商品に使われる素材を説明する時、「厳選された」・「希少な」・「高価な」などの飾りを付けて、付加価値を高めるような表現をします。
それにまつわる話を、少し話してみたいと思います。
「卵」は、皆さんが思う以上に、味の違いが出ます。
以前、プリンを作る時に、普通の卵から、とあるブランド卵に変えた時に、
卵の味が濃厚で、美味しくなりました。
しかし、変更後のプリンは、卵の味が思う以上に濃くなってしまい、レシピ調整が必要となってしまいました。
卵を減らせば、固まり方も当然変わります。
ただ固まる・固まらないという話ではなく、卵黄を減らせば、滑らかさが減り、卵白が減れば、弾力性が劣ります。

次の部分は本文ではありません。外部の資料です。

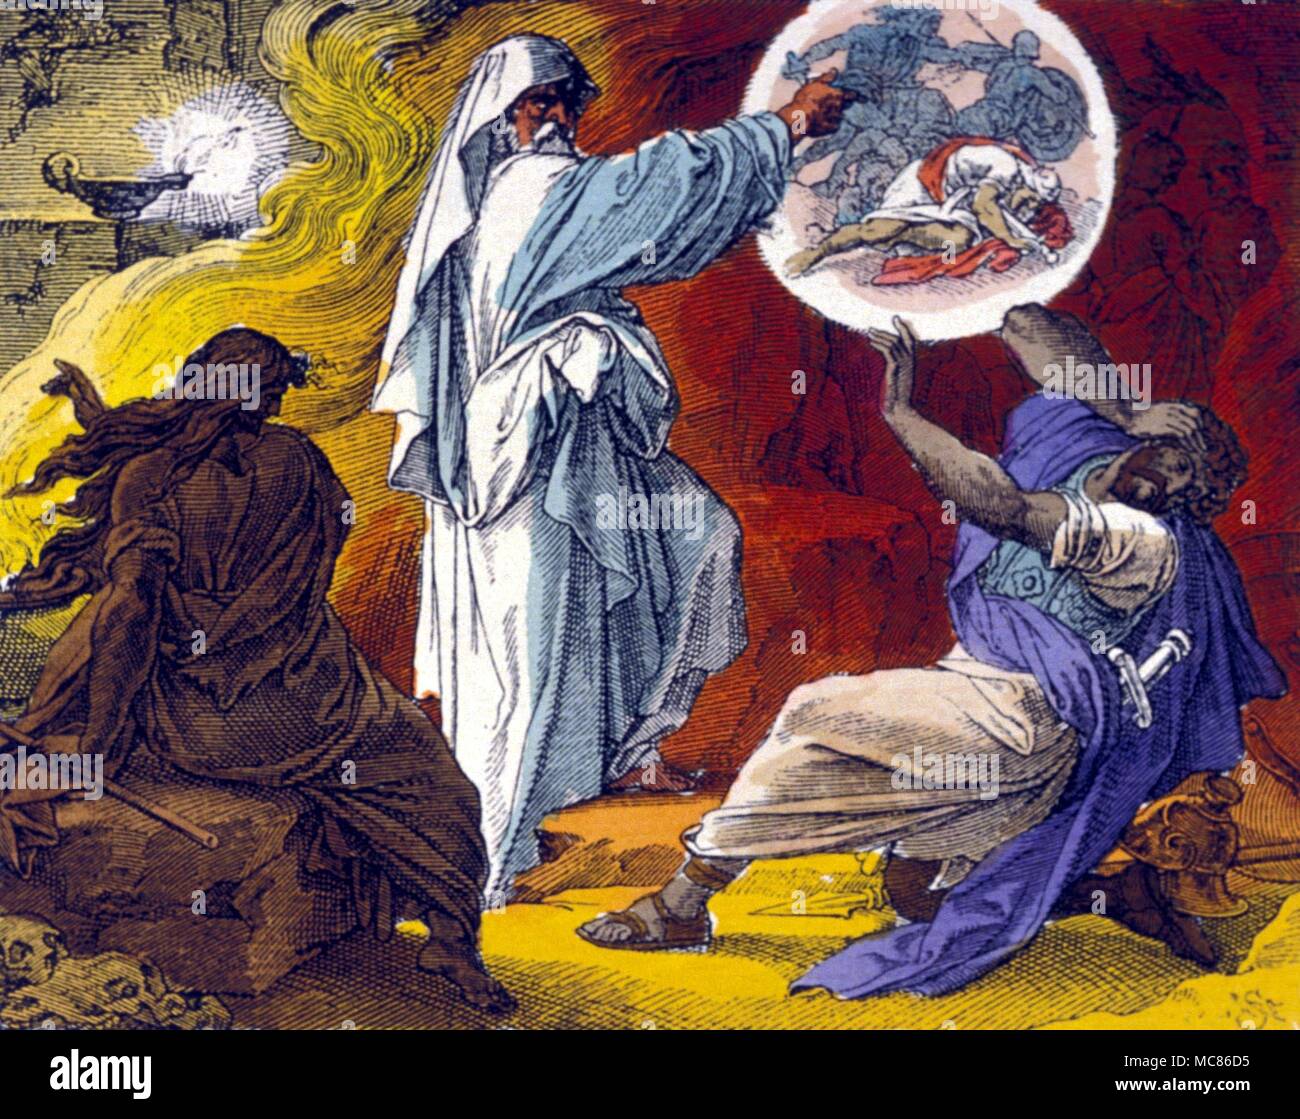 Hexerei die Hexe von Endor Saul und die Hexe von Endor. (1.Samuel, Kap. VI, V. 20). Gravur nach einem Gemälde von einem Strahuber,'Art Journal", 1891 Stockfoto

その他の材料の比率も変わる為、美味しくするのに微調整を繰り返しました。
プリンの味は、素材の良さだけでは決まりません。
配合や製法からなる、各素材の「味と効果のバランス」を取れなければなりません。
これは、失敗をたくさん重ね、食べる事・作る事で研究を重ねてきたプロだからこそ、出来るのです。
「フルーツ農家さんがもぎたてのフルーツで作るアイス」というのは、美味しそうです。
ですが、「プロがスーパーで買ったフルーツで作るアイス」の方が、おそらく美味しい。
そして「フルーツ農家さんのもぎたてのフルーツで、プロが作るアイス」が一番美味しい。
同じプロの人が作るのであれば、もぎたてのフルーツの方が美味しくなります。
アイスに関する、技術と知識をプロは持っています。
ですので、素材だけでプロのレシピは超えられません。
「厳選された○○を使って、この程度の味?」と思われることは、一番良くない結果です。
商品価値を落とすどころか、素材の作り手にも、恩をあだで返すような行為です。
作り手としては、素材はプラスアルファのもの、という認識からスタートすべきで、
その前に、しっかりとした土台を身に着ける必要があると思います。
付加価値で販売すること目的で、価格に合わせた配合量などの使用方法は、絶対にしてほしくありません。
買い手も、宣伝文句に惑わされないようにしたいものですね。
といっても、「農家のもぎたてフルーツアイス」に、私も惹かれるのは言うまでもありません。
惹かれる・売れるは、また別の話なんですよね。